[DATASET CONTENT]
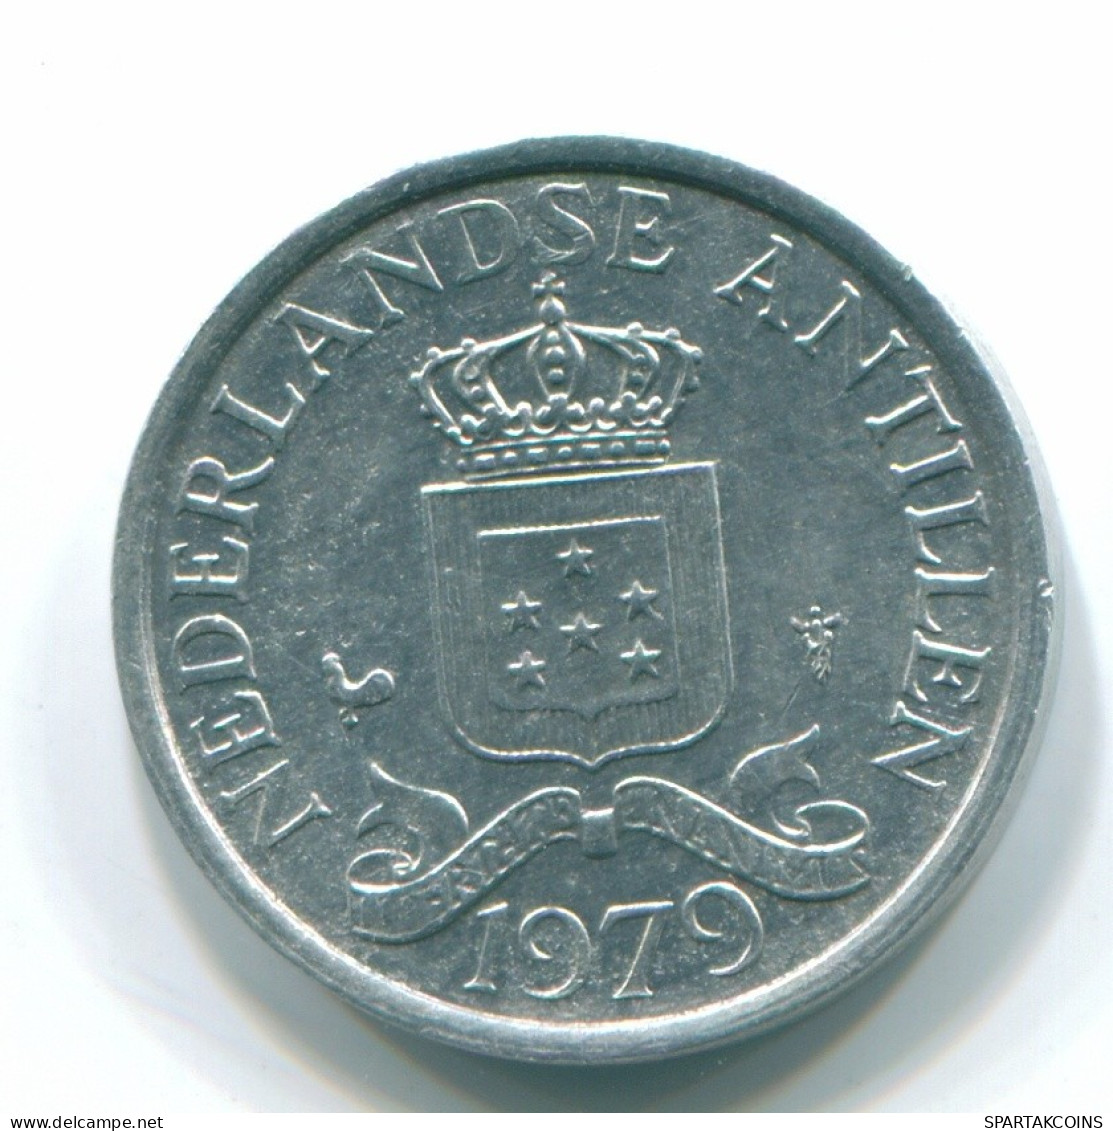 1 CENT 1979 NIEDERLÄNDISCHE ANTILLEN Aluminium Koloniale Münze #S11172.D.A - Netherlands Antilles
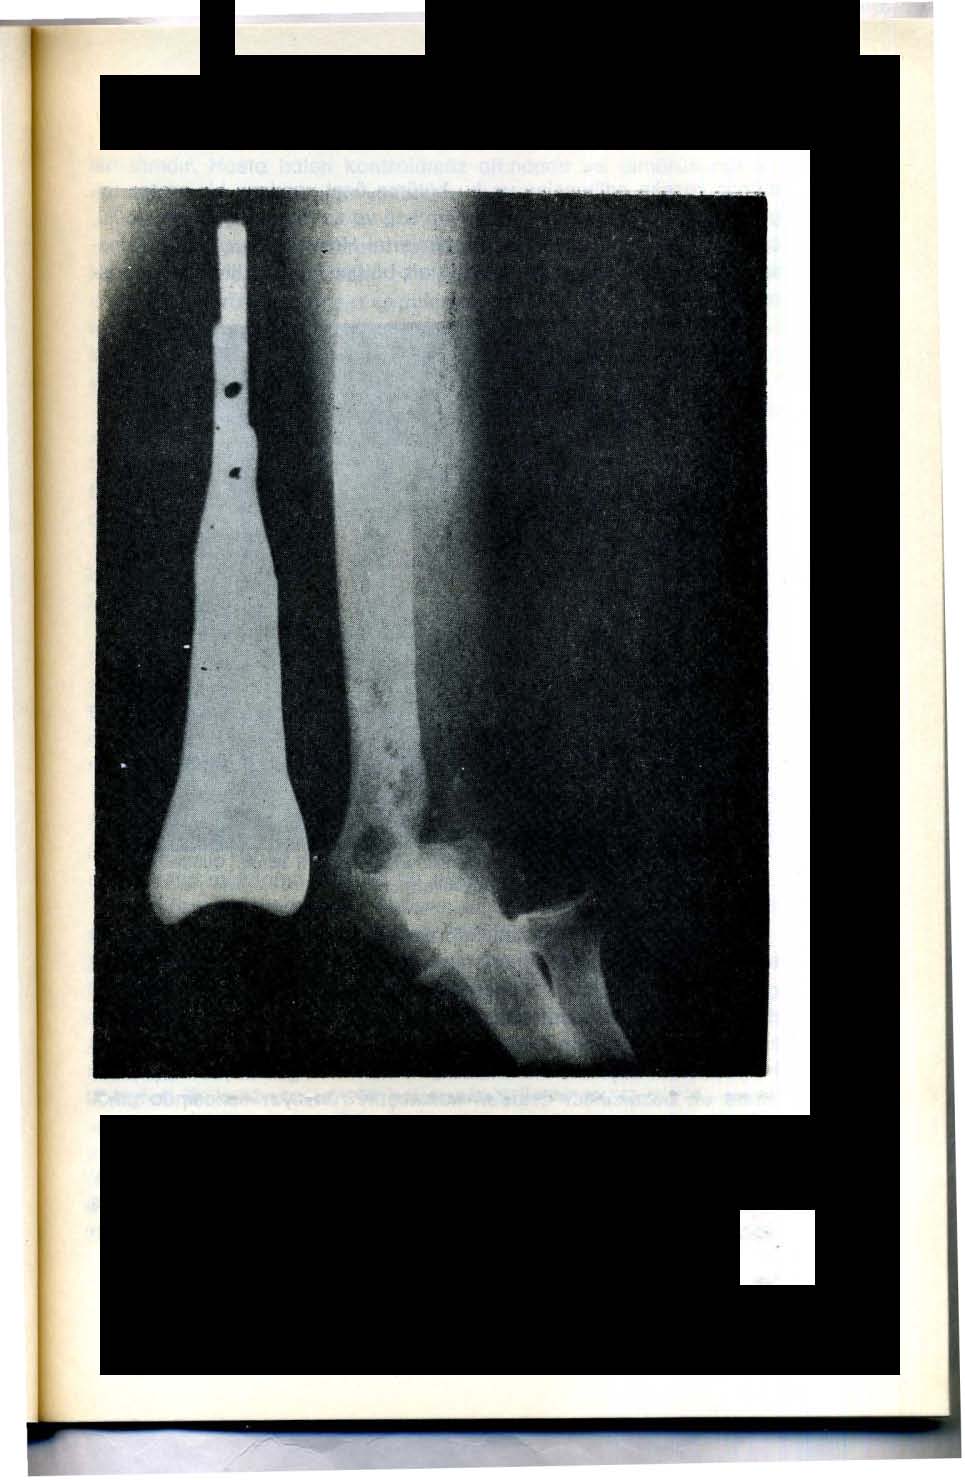 Resim 5 - Sol humerus dış kandili rezeke edilmiş, Cubitis valgus gelişmiş, ayrıca humerus ic kandilinde tümör yeniden oluşmuştur( Humerus yanında, uygulanacak özel protezin görünümü (Radyolojik
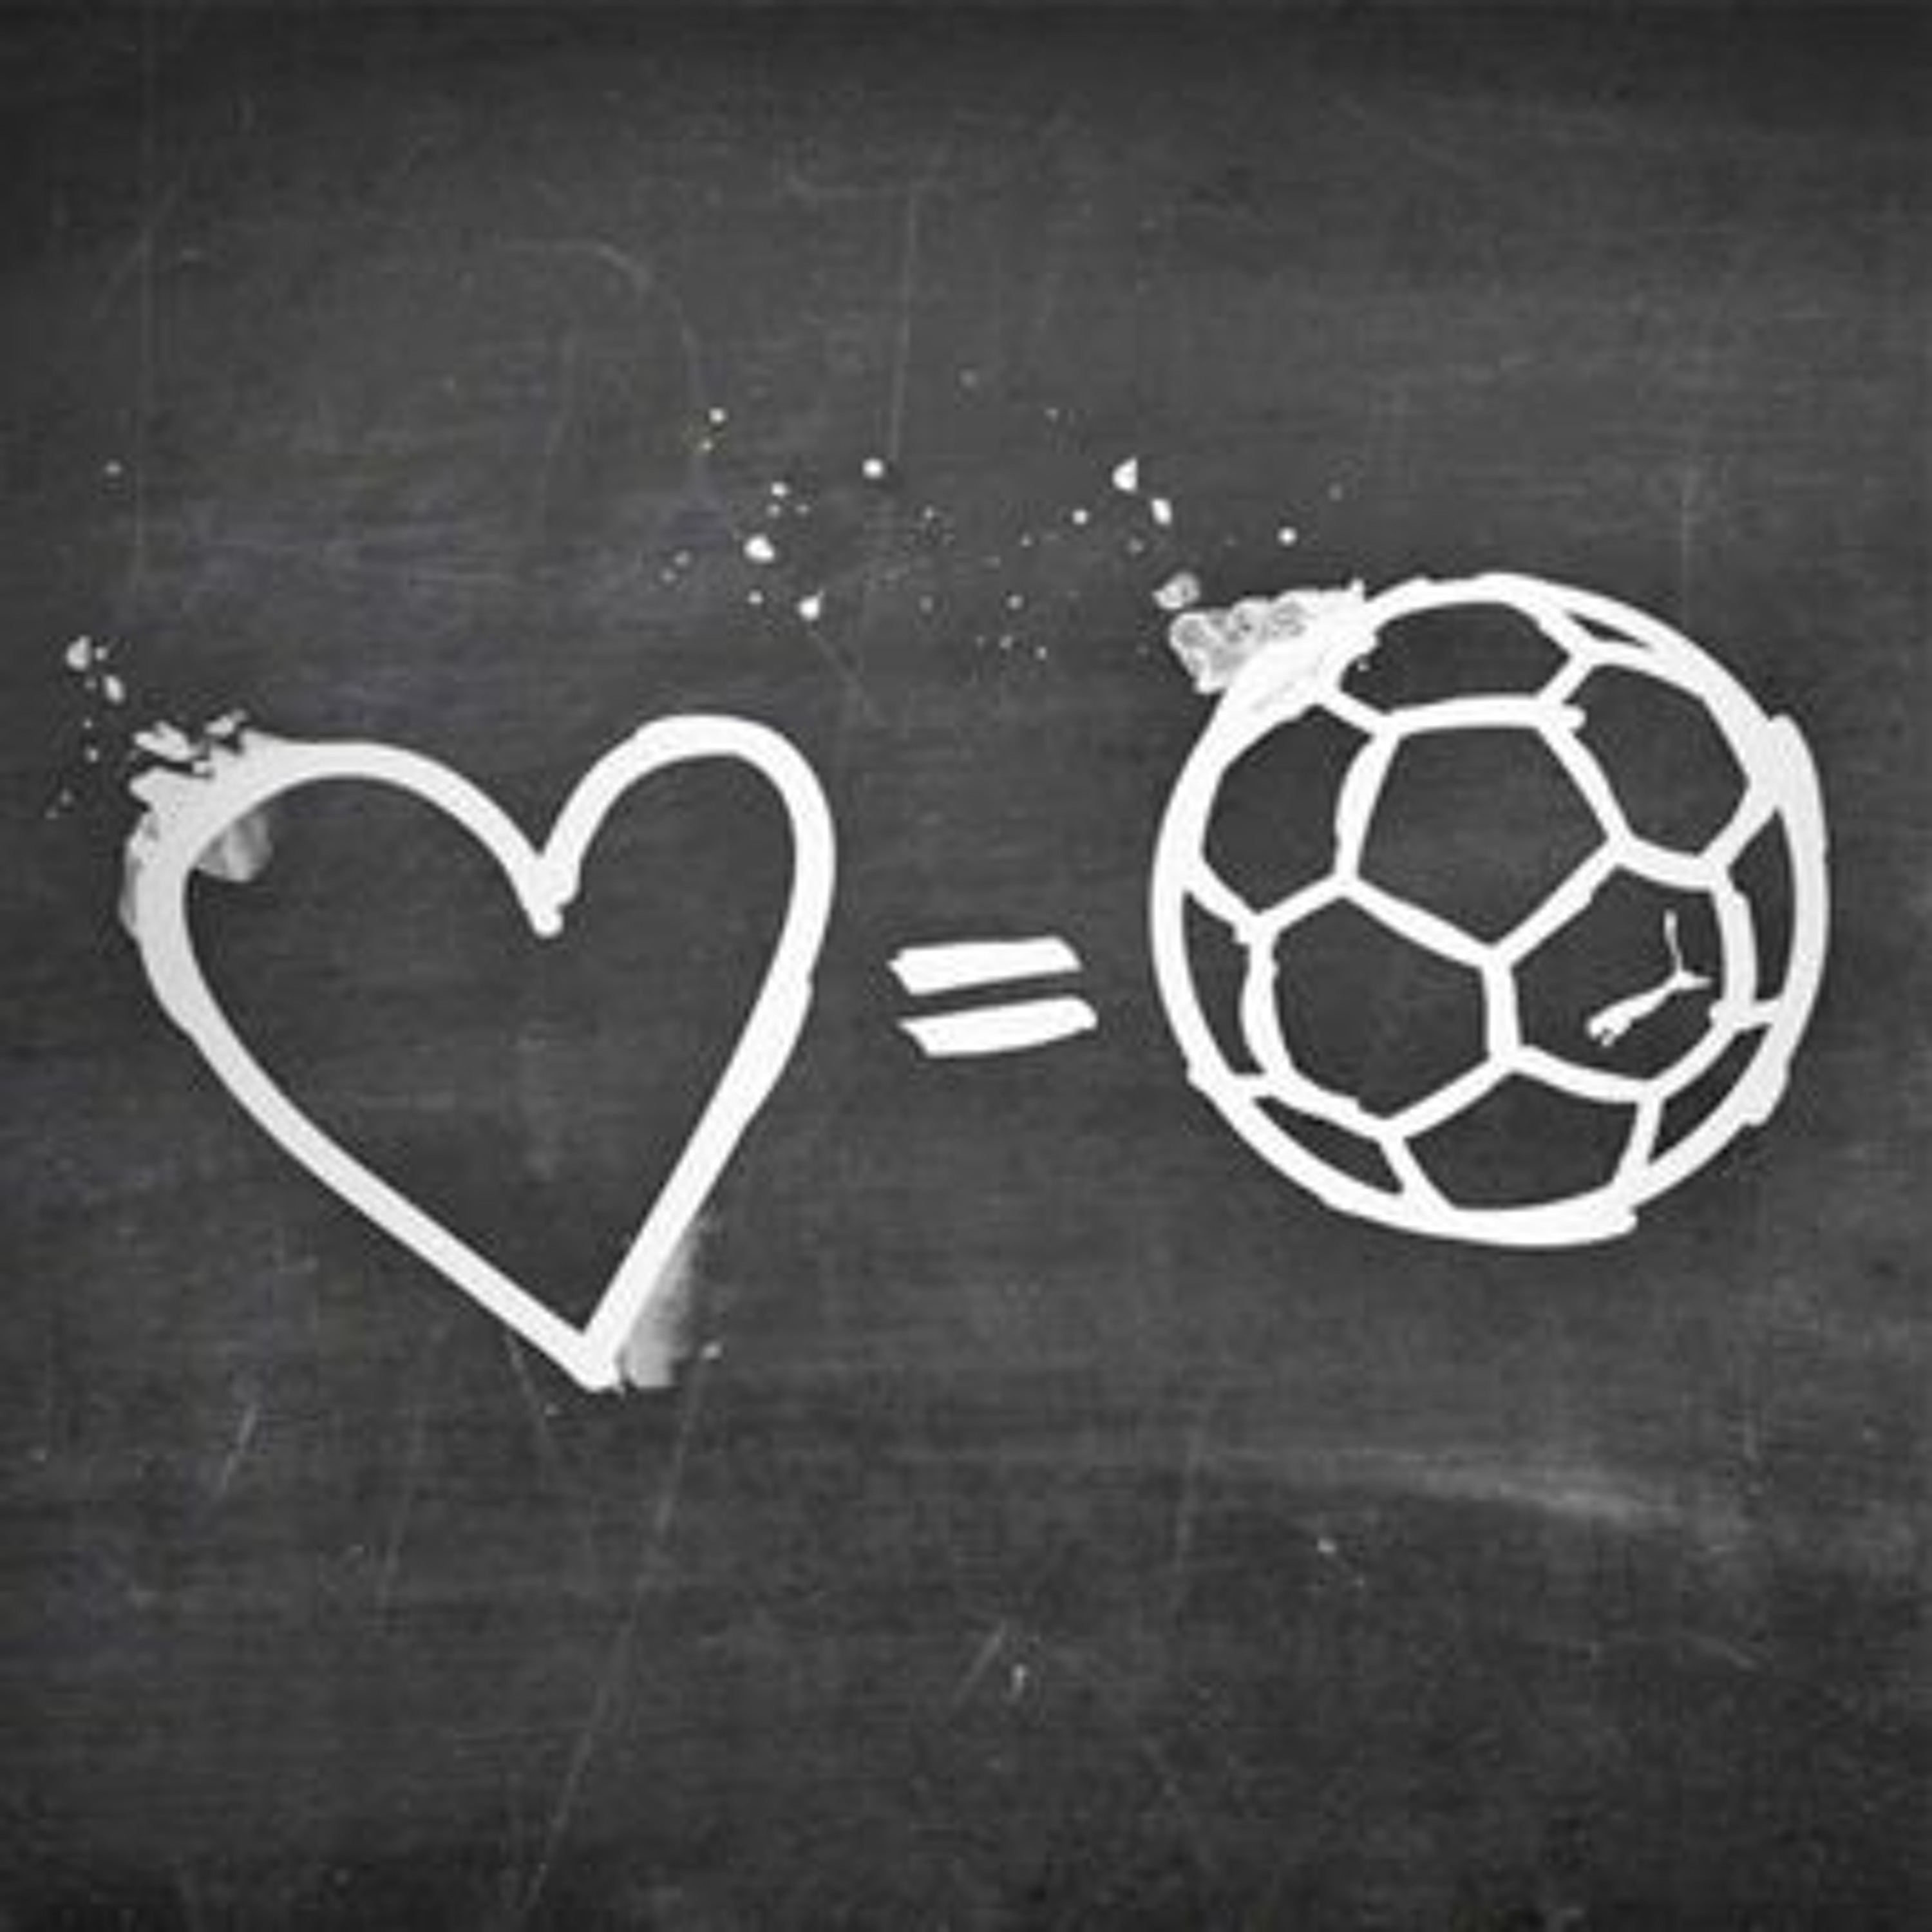 في حب كرة القدم - سورياضي 15
[/DATASET CONTENT]
TASK DETAILS
The needed output is the lines from the one with "Resim 5 - Sol" through the end of the listing, written out exactly, both ends included, pictures excluded.

OUTPUT OF THE TASK
 Resim 5 - Sol humerus dış kandili rezeke edilmiş, Cubitis valgus gelişmiş, ayrıca humerus ic kandilinde tümör yeniden oluşmuştur( Humerus yanında, uygulanacak özel protezin görünümü (Radyolojik
 في حب كرة القدم - سورياضي 15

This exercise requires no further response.